DataParallel과 DistributedDataParallel 간의 비교 ———————————————————-===

내용에 들어가기에 앞서 복잡성이 증가했음에도 불구하고 DataParallel에 DistributedDataParallel 사용을 고려하는 이유를 생각해봅시다.

첫째, DataParallel은 단일 작업, 멀티쓰레드이며 단일 기기에서만 작동하는 반면, DistributedDataParallel은 다중 작업이며 단일 및 다중 기기 학습을 전부 지원합니다. DataParallel은 쓰레드간 GIL 경합, 복제 모델의 반복 당 생성, 산란 입력 및 수집 출력으로 인한 추가적인 오버헤드로 인해 일반적으로 단일 시스템에서조차 DistributedDataParallel보다 느립니다.
모델이 너무 커서 단일 GPU에 맞지 않을 경우 model parallel을 사용하여 여러 GPU로 분할해야 한다는 prior tutorial을 떠올려 보세요. DistributedDataParallel은 model parallel에서 실행되지만 DataParallel은 이때 실행되지 않습니다. DDP를 모델 병렬 처리와 결합하면 각 DDP 작업은 모델 병렬 처리를 사용하며 모든 작업은 데이터 병렬 처리를 사용합니다.
모델이 여러 대의 기기에 존재해야 하거나 사용 사례가 데이터 병렬화 패러다임에 맞지 않는 경우, 일반적인 분산 학습 지원을 보려면 the RPC API를 참조하십시오.

기본적인 사용법¶

DDP 모듈을 생성하기 전에 반드시 우선 작업 그룹을 올바르게 설정해야 합니다. 자세한 내용은 PYTORCH로 분산 어플리케이션 개발하기에서 확인할 수 있습니다.

import os
import sys
import tempfile
import torch
import torch.distributed as dist
import torch.nn as nn
import torch.optim as optim
import torch.multiprocessing as mp

from torch.nn.parallel import DistributedDataParallel as DDP

# 윈도우 플랫폼에서 torch.distributed 패키지는
# Gloo backend, FileStore 및 TcpStore 만을 지원합니다.
# FileStore의 경우, init_process_group 에서
# init_method 매개변수를 로컬 파일로 설정합니다.
# 다음 예시:
# init_method="file:///f:/libtmp/some_file"
# dist.init_process_group(
#    "gloo",
#    rank=rank,
#    init_method=init_method,
#    world_size=world_size)
# TcpStore의 경우 리눅스와 동일한 방식입니다.

def setup(rank, world_size):
    os.environ['MASTER_ADDR'] = 'localhost'
    os.environ['MASTER_PORT'] = '12355'

    # 작업 그룹 초기화
    dist.init_process_group("gloo", rank=rank, world_size=world_size)

def cleanup():
    dist.destroy_process_group()

이제 DDP로 감싸여진 Toy 모듈을 생성하고 더미 입력 데이터를 입력해 보겠습니다. 우선 DDP는 0순위 작업에서부터 DDP 생성자의 다른 모든 작업들에게 모델의 상태를 전달하므로, 다른 모델의 매개 변수 초기값들에서 시작하는 다른 DDP 작업들에 대하여 걱정할 필요가 없습니다.

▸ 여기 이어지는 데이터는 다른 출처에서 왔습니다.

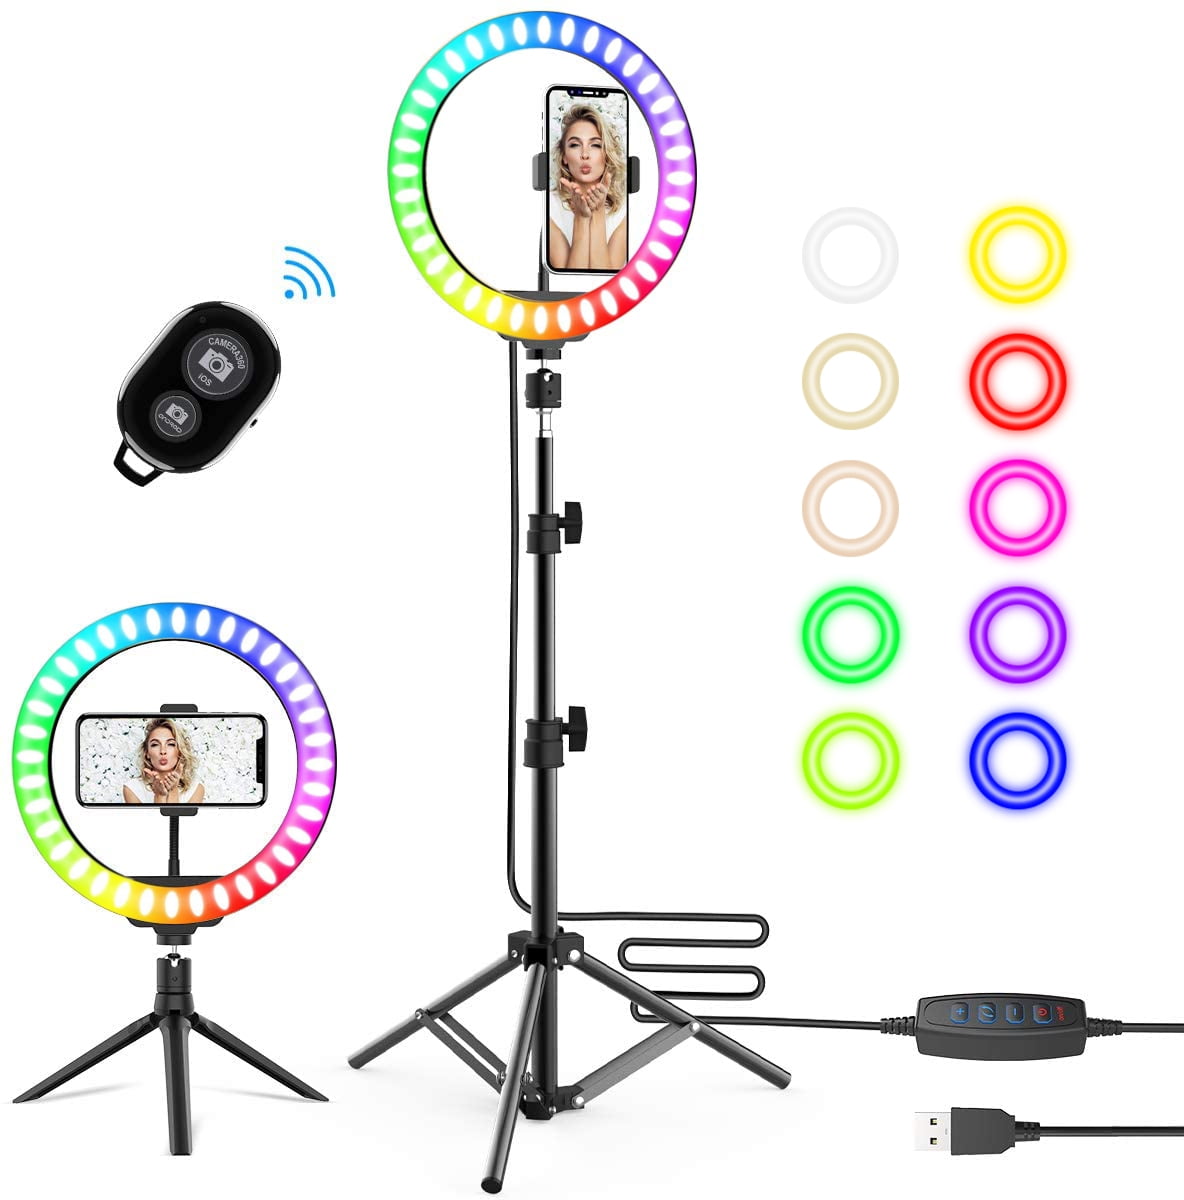 KEYUTE 10 Selfie Ring Light Desktop Beauty Make up Ring Light with Mirror for YouTube Video Live Steaming Dimmable RGB LED Ring Light with Tripod Stand and Cell Phone Holder for Vlog
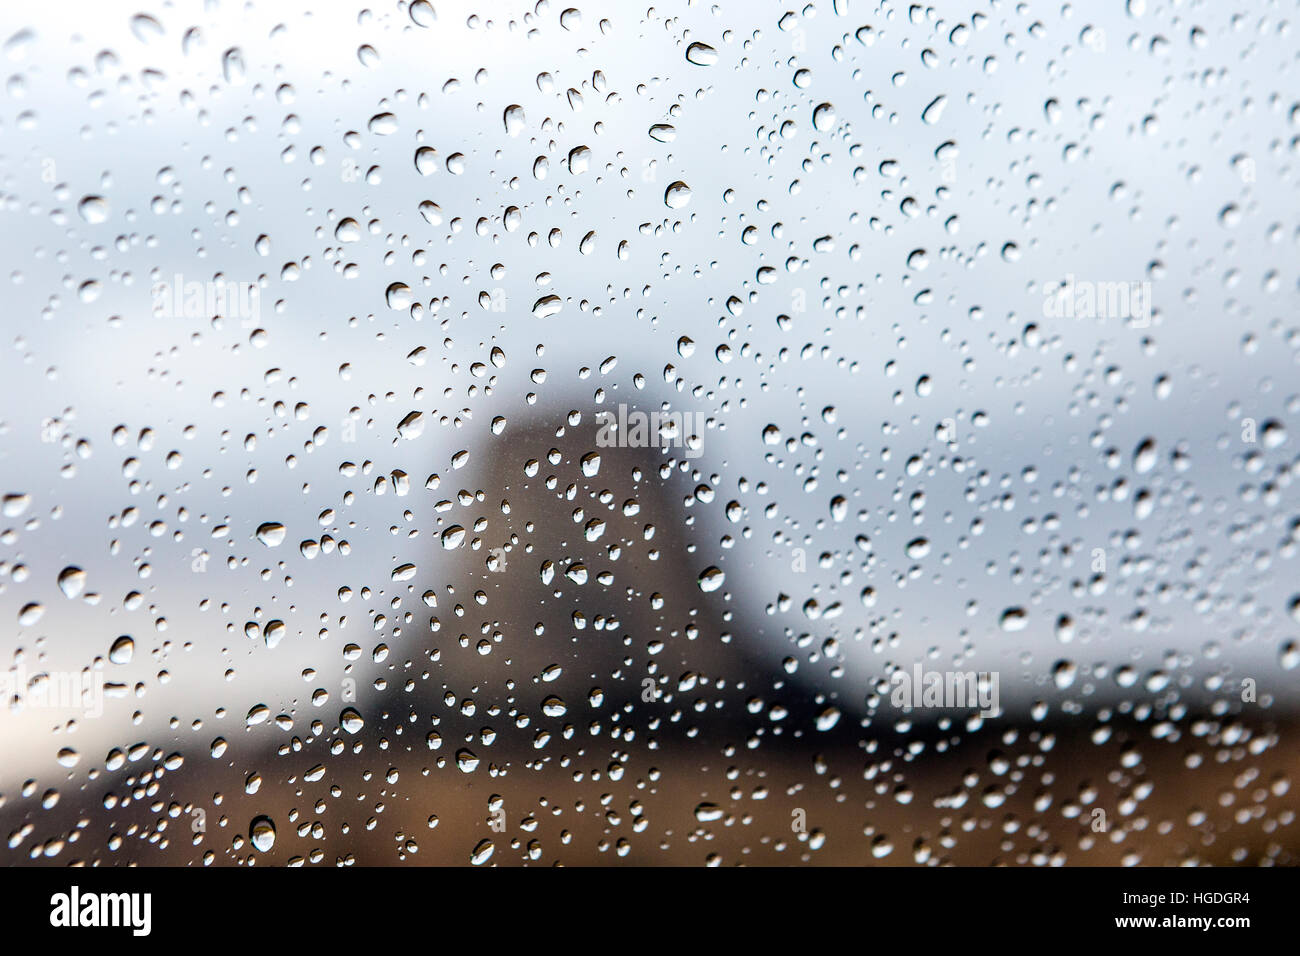 WY02245-00...WYOMING - Rain Drops on car window with Devils Tower in the distance, Devils Tower National Monument. Stock Photo

class ToyModel(nn.Module):
    def __init__(self):
        super(ToyModel, self).__init__()
        self.net1 = nn.Linear(10, 10)
        self.relu = nn.ReLU()
        self.net2 = nn.Linear(10, 5)

    def forward(self, x):
        return self.net2(self.relu(self.net1(x)))


def demo_basic(rank, world_size):
    print(f"Running basic DDP example on rank {rank}.")
    setup(rank, world_size)

    # 모델을 생성하고 순위 아이디가 있는 GPU로 전달
    model = ToyModel().to(rank)
    ddp_model = DDP(model, device_ids=[rank])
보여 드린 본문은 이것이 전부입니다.